The following problem is due to Freudenthal a Dutch mathematician. He published it in a journal for mathematical interested public in 1969.

p and q are two different integers, greater than 1 and less than 100. S and P are two mathematicians; S knows the sum p+q, P knows the product pq, and both know the information in these two sentences. The following conversation occurs.

P says "I cannot find these numbers."

S says "I was knew that you could not find them. I cannot either."

P says "Then, I found these numbers."

S says "If you could find them, then I also found them."

What are these numbers?

The solution in Euler is our challenge.

First we generate vectors p and q, such that p[i] and q[i] contain all possible variations once.

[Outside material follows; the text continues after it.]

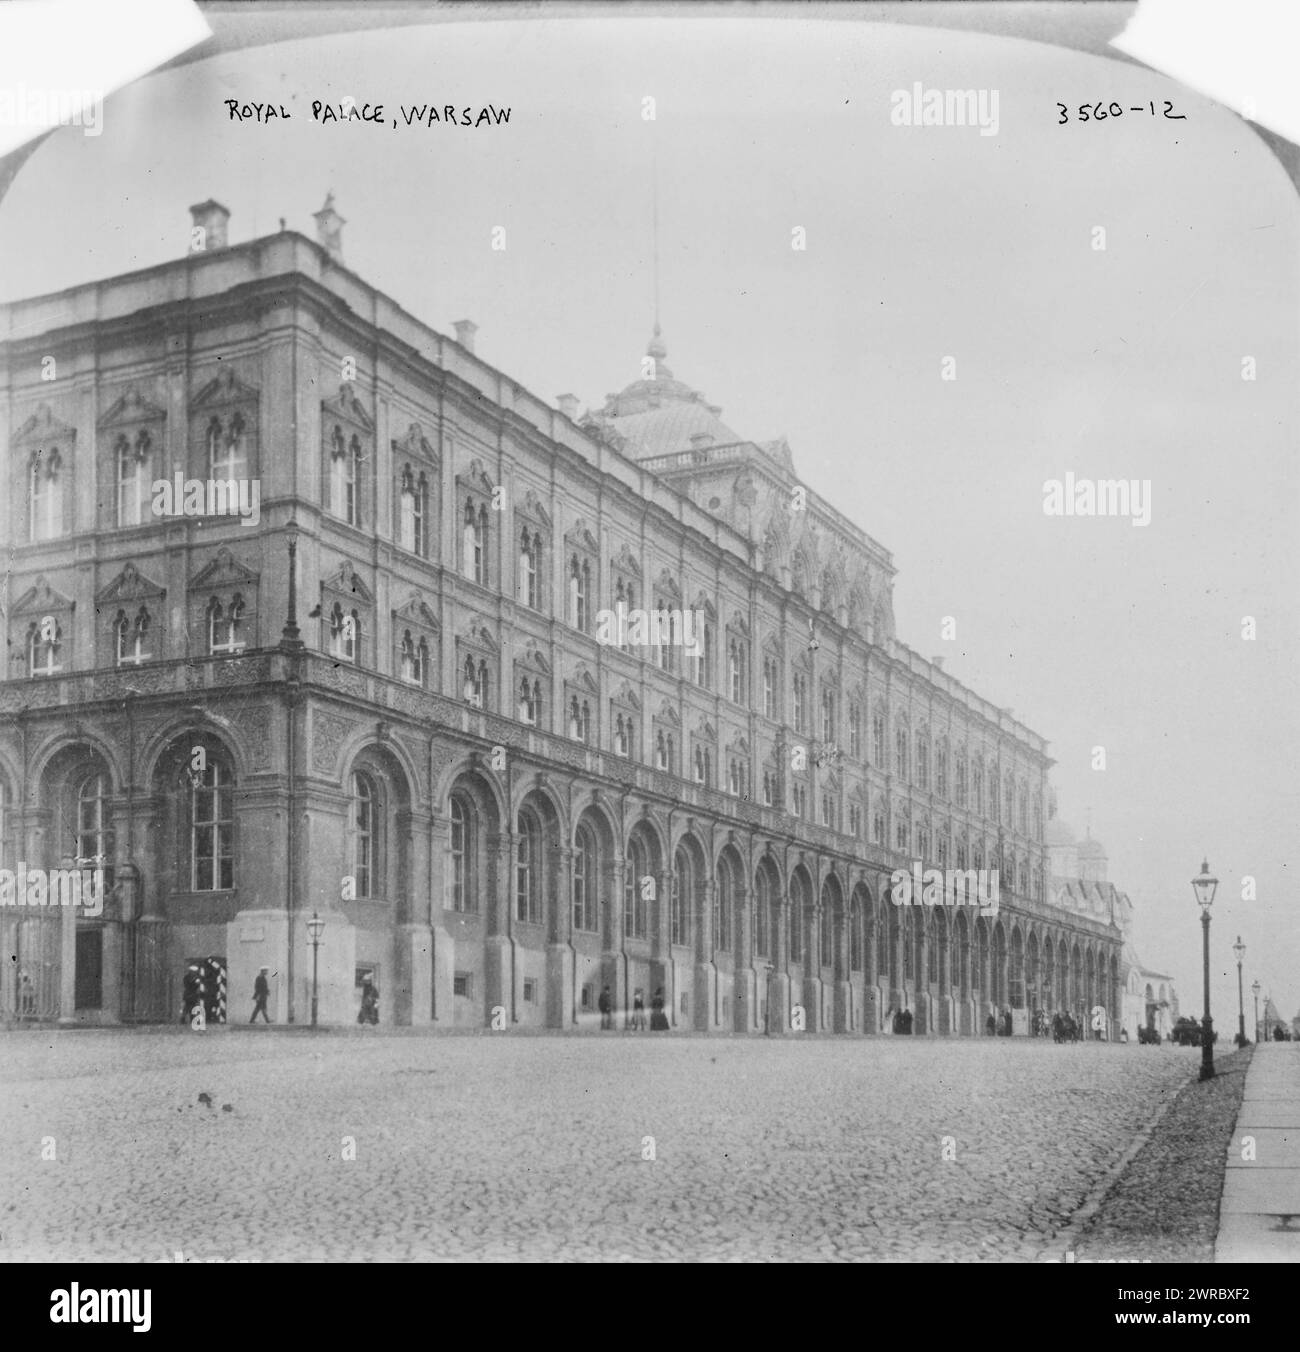 Royal Palace, Warsaw i.e. Kremlin Palace, Moscow, Russia, between ca. 1910 and ca. 1915, Moscow, Glass negatives, 1 negative: glass Stock Photo

>function pq () ... p=[]; q=[]; for i=2 to 99 for j=2 to i p=p|j; q=q|i; end; end; return {p,q} endfunction

>{p,q}=pq();

Here are the first 11 combinations.

>(p'|q')[1:11]

2 2 2 3 3 3 2 4 3 4 4 4 2 5 3 5 4 5 5 5 2 6

We will need a function, which select the indices of a vector, which occur only once.

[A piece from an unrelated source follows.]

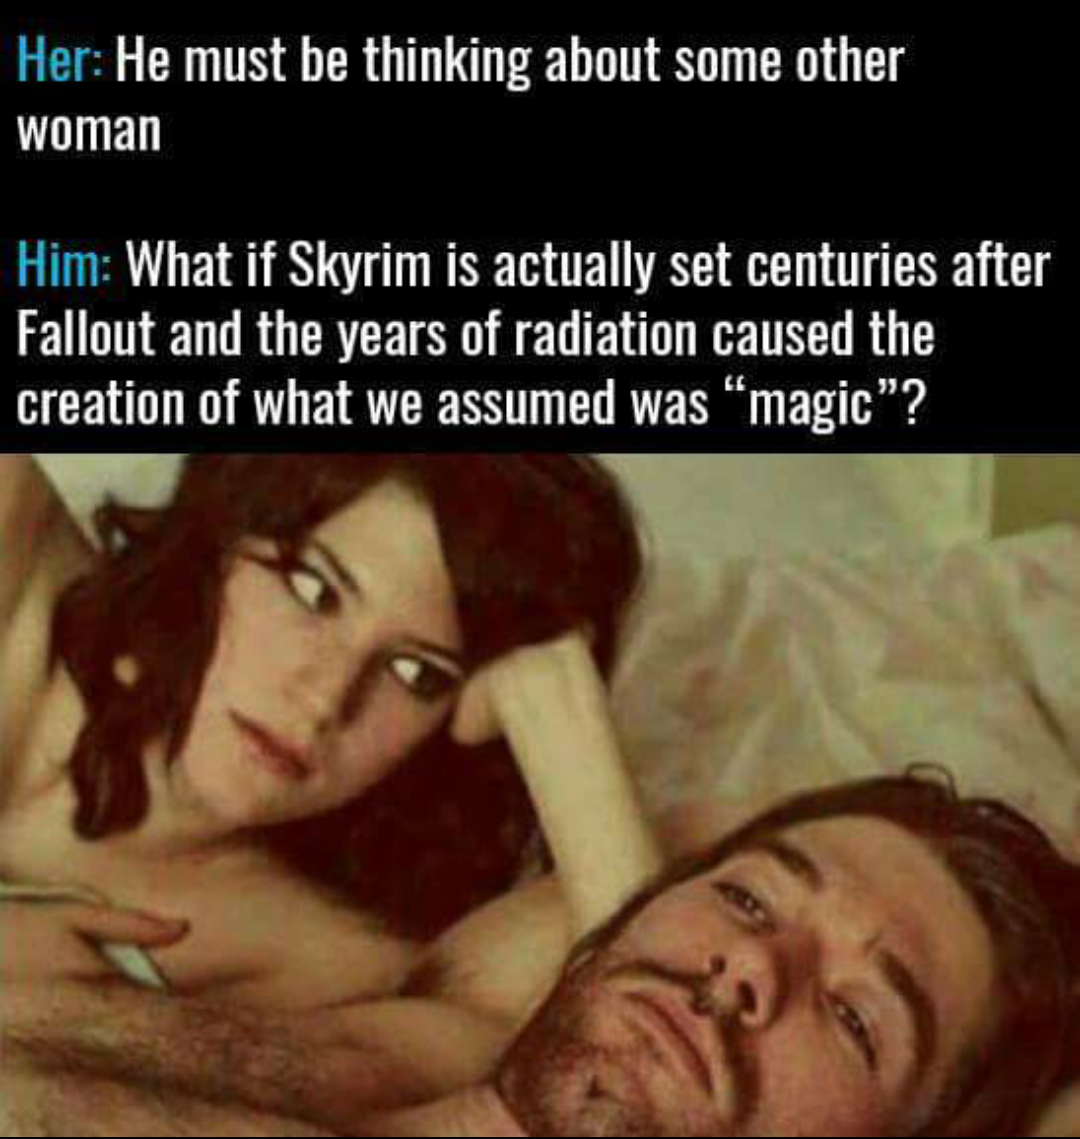 couple in bed meme thinking - Her He must be thinking about some other woman Him What if Skyrim is actually set centuries after Fallout and the years of radiation caused the creation of what we assumed was magic"?

>function isonce(v) := nonzeros(getmultiplicities(v,v)==1);

The fact that P cannot deduce the numbers means that the product pq occurs more than once in all possible products.

We select the indices as P1, where P would know the answer.

>P1=isonce(p*q); >unique((p*q)[P1]); %[1:20]

[4, 6, 8, 9, 10, 14, 15, 21, 22, 25, 26, 27, 33, 34, 35, 38, 39, 46, 49, 51]

Note that 8 is among these numbers. Others are products or squares of primes. Here is a list of the first 10 elements.

>(p'|q')[P1][1:10]

2 2 2 3 3 3 2 4 2 5 3 5 5 5 2 7 3 7 5 7

S says: "I knew you would not know the number."

Thus his sum p+q is not among the sums of numbers for which P would have known. So we must exclude all sums p+q which are not among the sums (p+1)[P1].

>function notin(v,x) := nonzeros(indexof(v,x)==0);

With this function we generate a list of indices S1, which are possible sums such that S would now that P does not know.

>S1=notin((p+q)[P1],p+q);

There are not many sums left.

>unique((p+q)[S1])

[11, 17, 23, 27, 29, 35, 37, 41, 47, 53]

P: "Now I know!"

Thus P has a product, which is only in one way representable as pq such that p+q is in the list of left over sums.

We extract a list P2 of possible indices. For this, we select under all p, q with correct sum those that have a unique product.

>P2=S1[isonce((p*q)[S1])];

There are surprisingly many combinations left.

>length(P2)

86

S: "Now I know too!"

This is the same as above, but with sums.

>S2=P2[isonce((p+q)[P2])]

69

There is only one index left.

>p[S2]|q[S2]

[4, 13]